> [Material shown]
══════════════════════════════
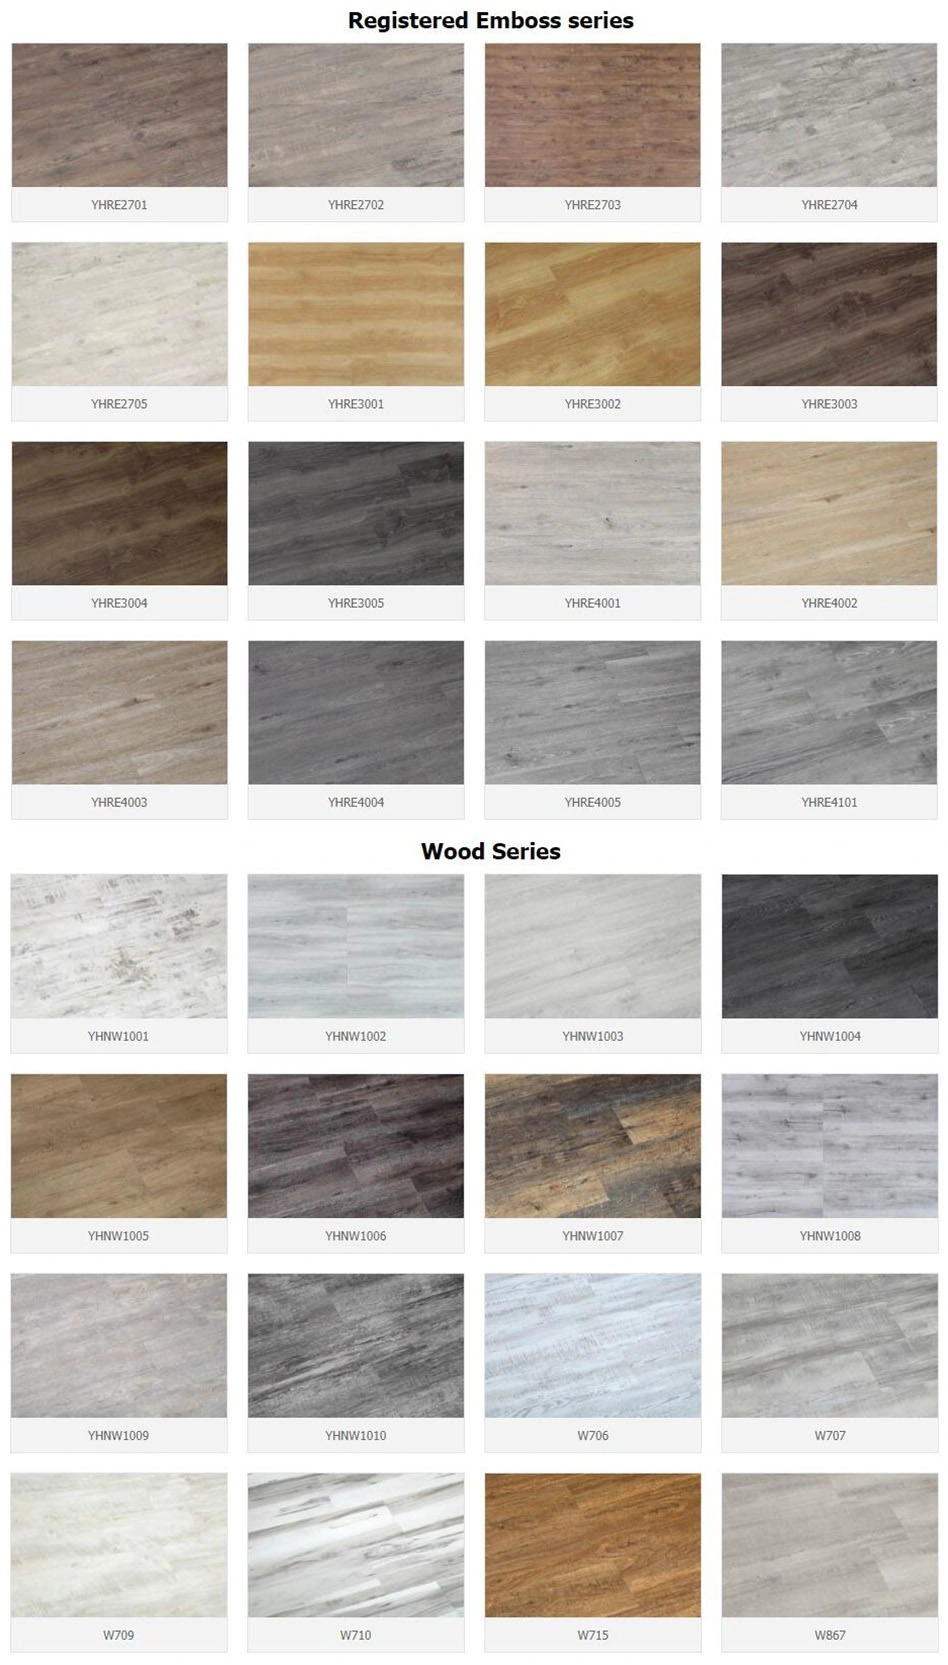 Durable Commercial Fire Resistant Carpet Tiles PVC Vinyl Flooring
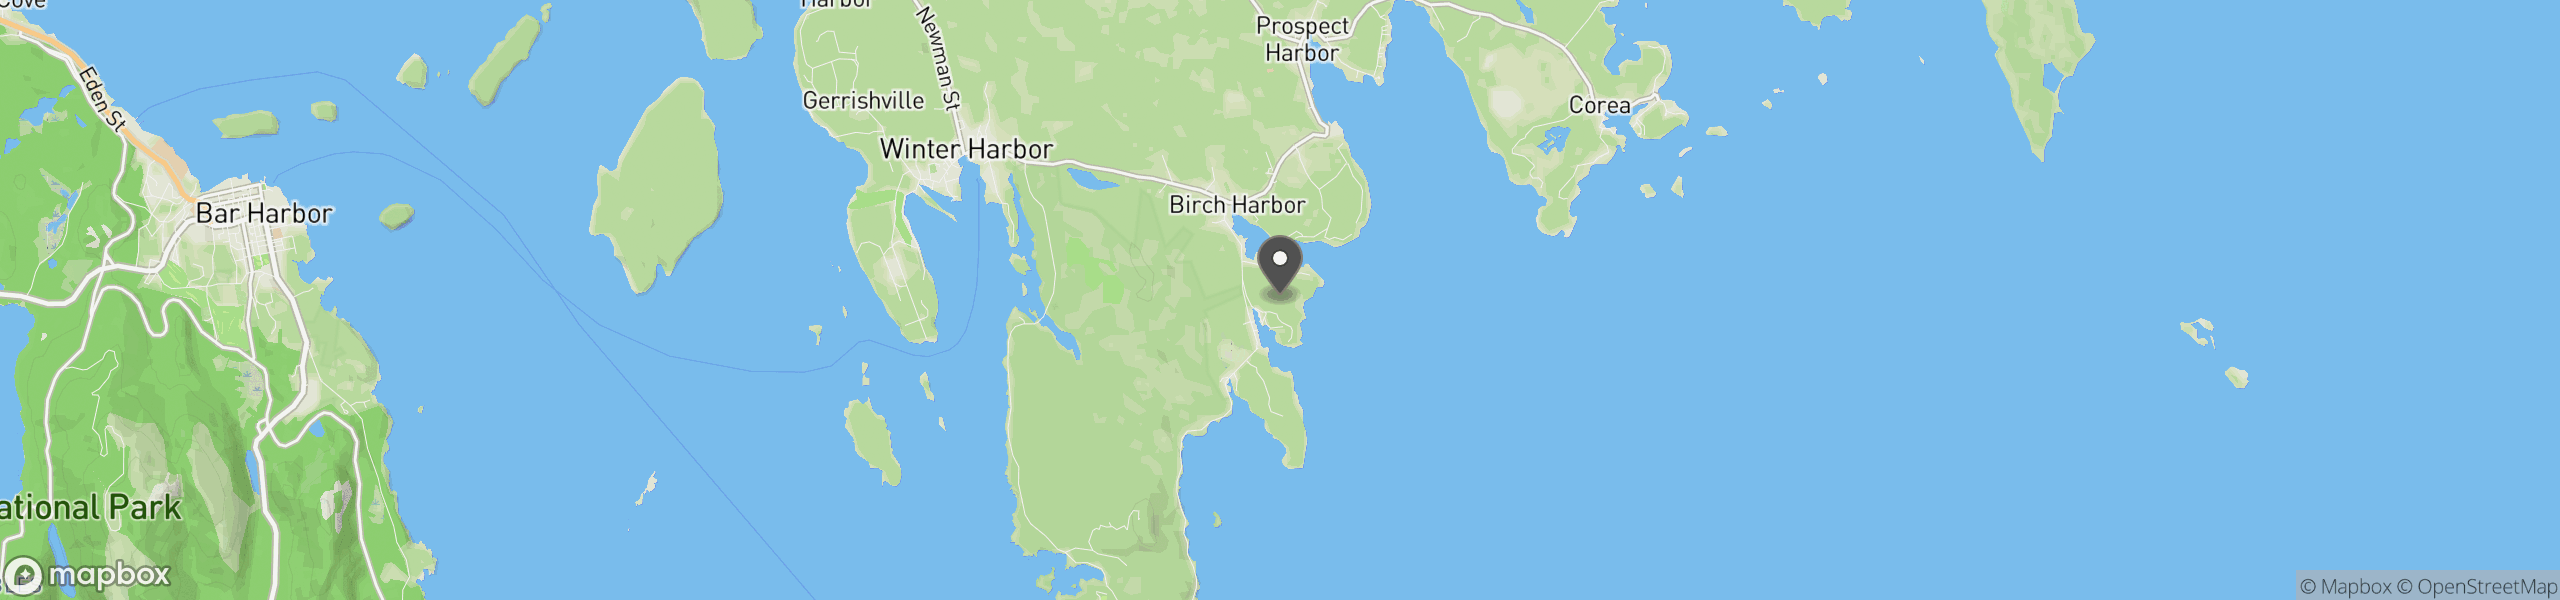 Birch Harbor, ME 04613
══════════════════════════════
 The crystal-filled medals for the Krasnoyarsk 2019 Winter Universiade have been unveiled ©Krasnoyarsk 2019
══════════════════════════════
> [Task statement] Within the entries above, the lines from the one containing "Durable Commercial Fire" through the one containing "Birch Harbor, ME 04613" are to be transcribed exactly, ends included, pictures excluded.

> [Finished task]
 Durable Commercial Fire Resistant Carpet Tiles PVC Vinyl Flooring
 Birch Harbor, ME 04613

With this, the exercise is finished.